The cryptocurrency market that anticipated a bull-run before bitcoin halving, has been staring at the falling market for the past couple of weeks. However, the fall witnessed on 13 March was followed by BitMEX announcing a “hardware issue” due to which it had to go offline for 45 minutes as BTC price continued to plunge.
However, many traders and analysts in the space called it a bluff and claimed that there were no “hardware issues”. BitMEX’s Chief Executive Officer [CEO], Arthur Hayes on 16 March stated that his team has been gathering facts about the event and will address questions and concerns transparently and comprehensively over the coming days.
BitMEX’s Chief Technology Officer [CTO], Samuel Reed provided an explanation for the abrupt break down of the exchange on 13 March. The CTO claimed that the exchange was under an attack from a botnet. This botnet has also been responsible for an attack taking place on the exchange on 15 February.
According to Reed, the botnet attack in February was absorbed by BitMEX’s DDoS mitigation strategies. The DDoS mitigation helped BitMEX protect its targeted network or serves from a distributed denial-of-service [DDoS] attack on the L3 and L4 levels, thus avoiding downtime for the exchange. However, the strategy for the 13 March attack appeared to have changed with two attacks taking place at 02:15 UTC and 12:56 UTC.
According to the CTO:
“The botnet found an endpoint that was consistently, reliably slow.
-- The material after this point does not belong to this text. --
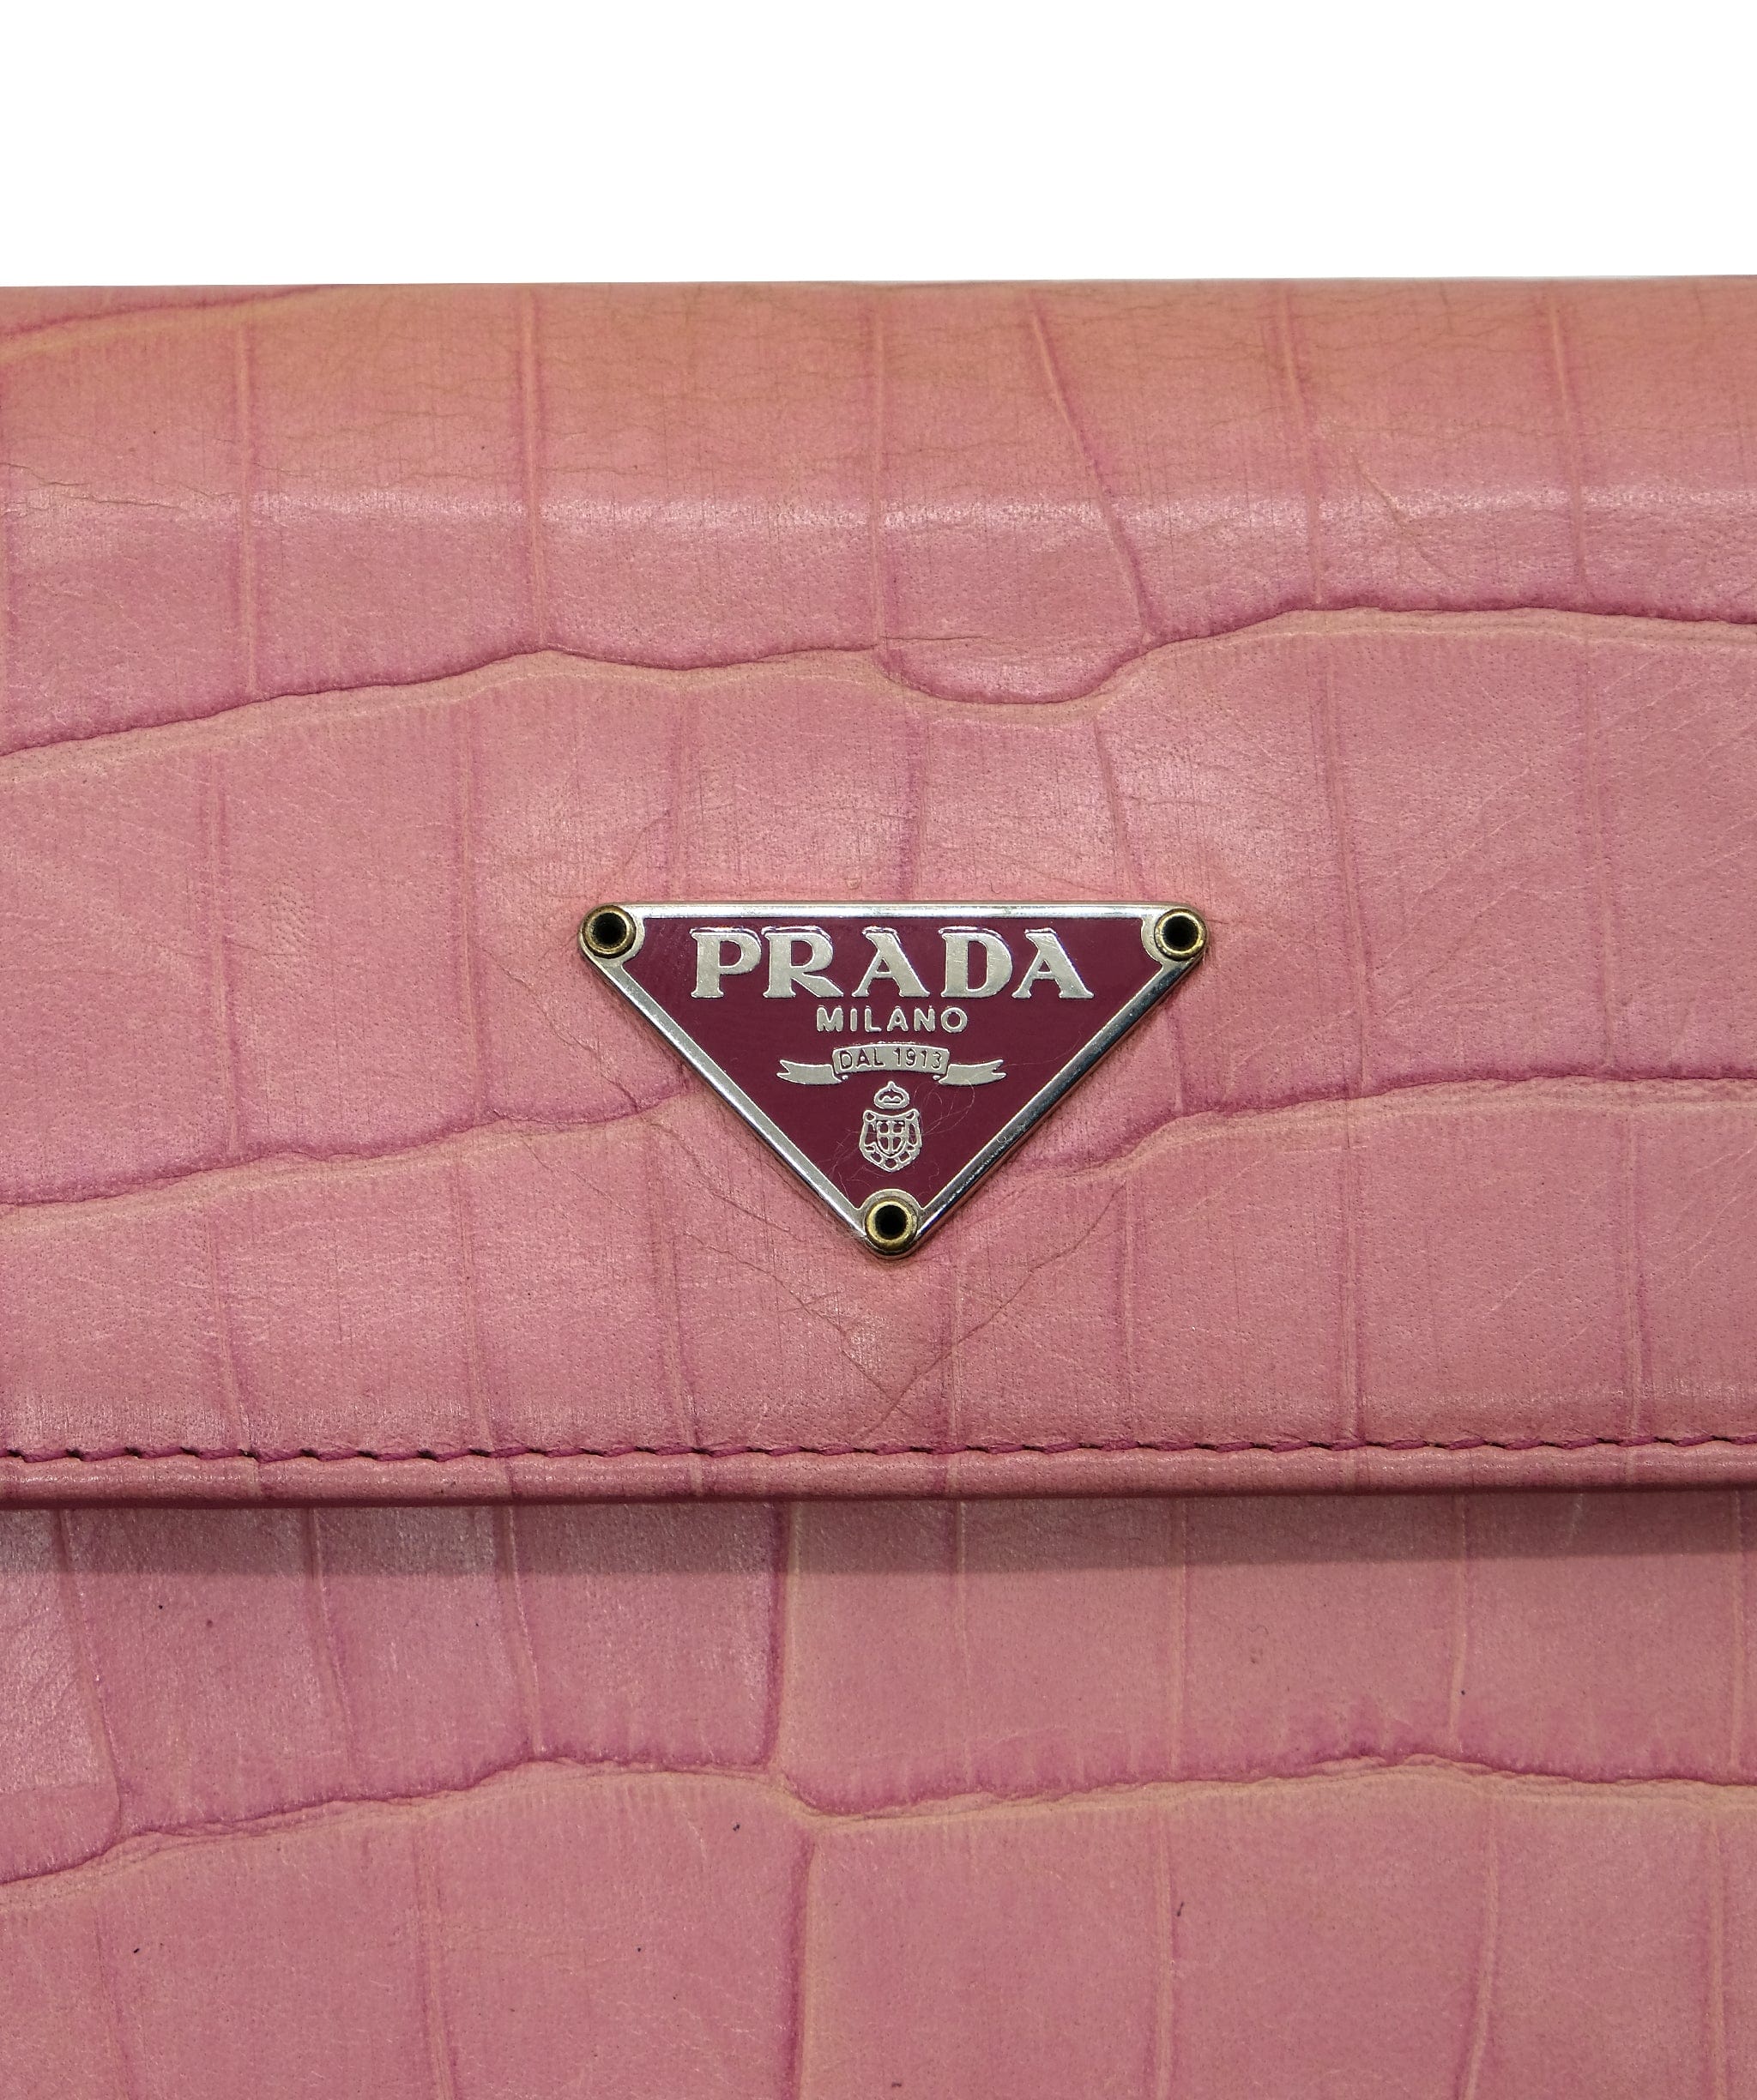 Prada Prada tri fold wallet pink crocodile RJC2929
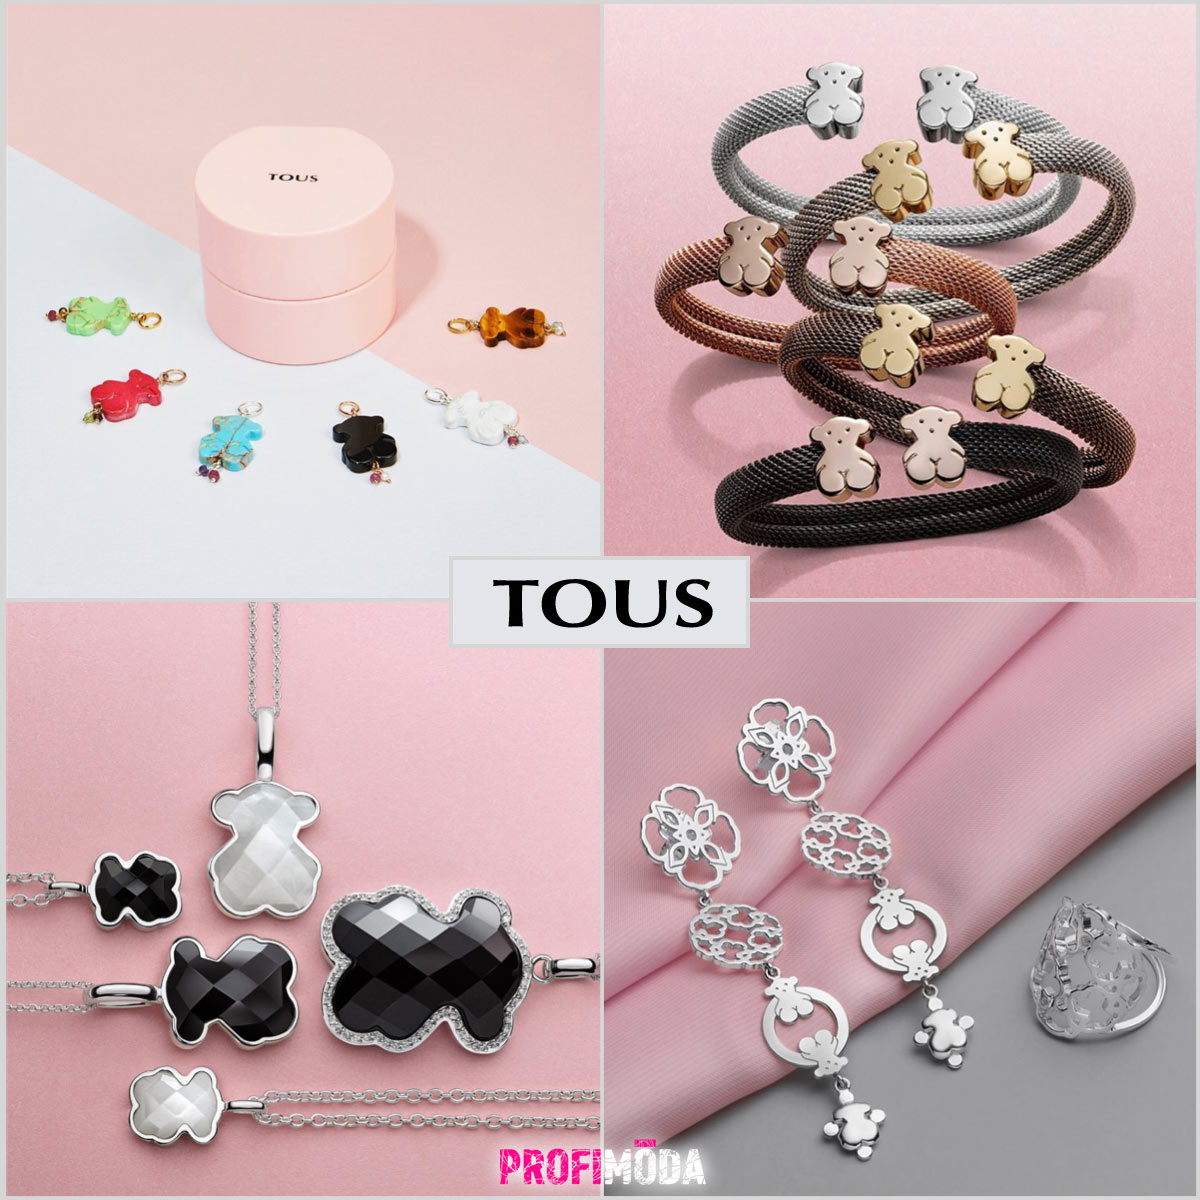 Tous náušnice, náramky, řetízky, náhrdelníky, přívěšky, prsteny – to vše jsou šperky, které vynikají svým unikátním designem. 

The query they hit did a 400ms reverse sequential scan rather than using the index (Parallel Index Scan / Gather Merge for PG fans), because an ANALYZE hadn’t been automatically run for too long by RDS defaults.”
Numerous scans were running parallelly that caused the database “to start swapping, pegged to 100% CPU, with over 99% of that as iowait.” An IOWait metric is the amount of time that a CPU is idle as there is no task ready to run and, at least one task is not ready to run because it’s waiting for I/O [Input/Output].
“On AWS, this looks quite a bit like a dying EBS volume, so we failed over the database and service resumed.”
The team was able to identify and fix the slow query after the second attack. As a preventive measure, BitMEX has been making systematic changes on its backend and reviewing older systems. While some changes have been made, others, like public-facing protocols around downtime, trade suspension, resumption, and communication are still in the works.
The exchange will be providing a detailed report about the attack, liquidations and insurance fund shortly. It has been trying to make-up to its customers by refunding those affected on 13 March.